Work to complete. Retype, word for word, every line of the records below starting at the one that contains "Nhận diện 24" and ending at the one that contains "Из-за обиды на"; include both of those lines and nothing more.
=== Given data ===
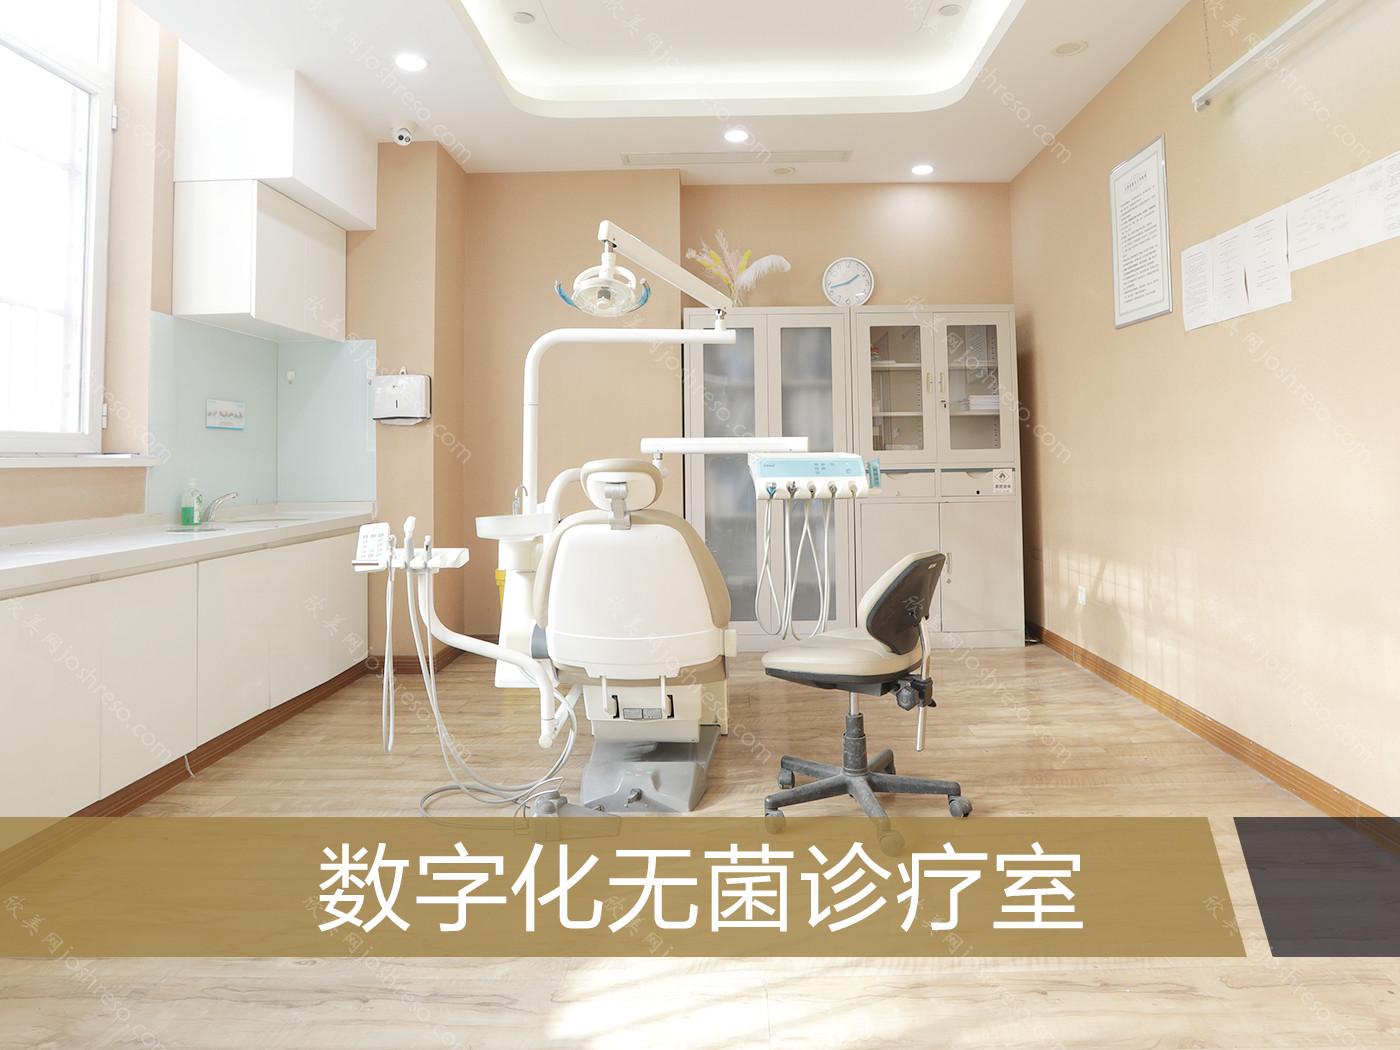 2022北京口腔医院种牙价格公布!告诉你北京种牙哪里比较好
===
=== Given data ===
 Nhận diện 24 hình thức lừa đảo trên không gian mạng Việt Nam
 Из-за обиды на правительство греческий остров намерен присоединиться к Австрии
===
Exercise response.
 Nhận diện 24 hình thức lừa đảo trên không gian mạng Việt Nam
 Из-за обиды на правительство греческий остров намерен присоединиться к Австрии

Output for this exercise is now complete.